Boğaziçi Üniversitesi Mezunlar Derneği’nin “Tiyatro Boğaziçi Eğitim Araştırma Grubu”, “Boğaziçi Gösteri Sanatları Topluluğu- Dans Birimi’nin de katılımıyla, Alfred Jerry, Jaroslav Hasek ve Bertolt Brecht’in metinlerinden yola koyularak biçimlendirdiği ve de “Şvayk’ın Übü ile Tarihi Karşılaşmasi” başlığını koydukları bir çalışmalarını sergiledi. Oyunu izleyen pek çok “bacım, ağabeyim, kardeşim” eleştirmen, çalışmayı “kolaj” olarak nitelendirmişti. Ne var ki : “Kolajla ne ilgisi var?” diye kimse sormadi. Şimdi, bari ben sorayım: “Ne ilgisi var?”
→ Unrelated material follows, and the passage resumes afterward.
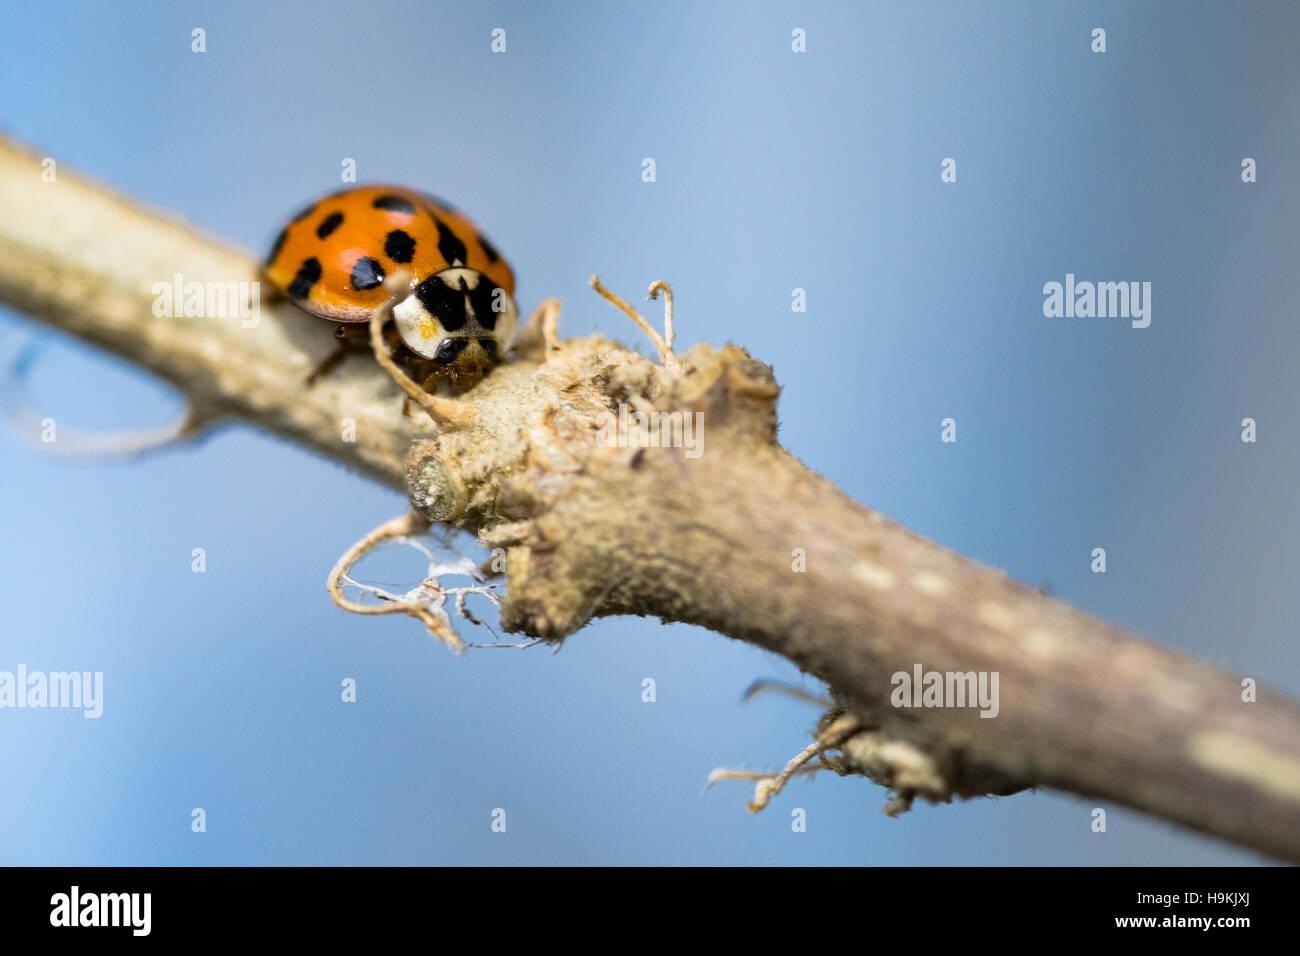 asian lady beetle - macro - Stock Image

İhsan Özçıtak’a ait olduğunu öğrendiğim kurgu önerisi, metnin kolektif bir çalışmayla oluşturulması yoluyla geliştirilmiş. Ömer Kurhan sahneye koymuş, koreografi ortak bir çalışmanın ürünü olmuş, müzikleri de Özgür Ay kotarmış. Yani, ortaya konan kuşu biri tutmuş, biri kesmiş, biri yolmuş, biri pişirmiş, izleyicilere de yemek düşmüş. Bize de, yemek “lezzetli mi”, yoksa tuzu mu eksik, yağı mı fazla ne, onu araştırmak kaldı.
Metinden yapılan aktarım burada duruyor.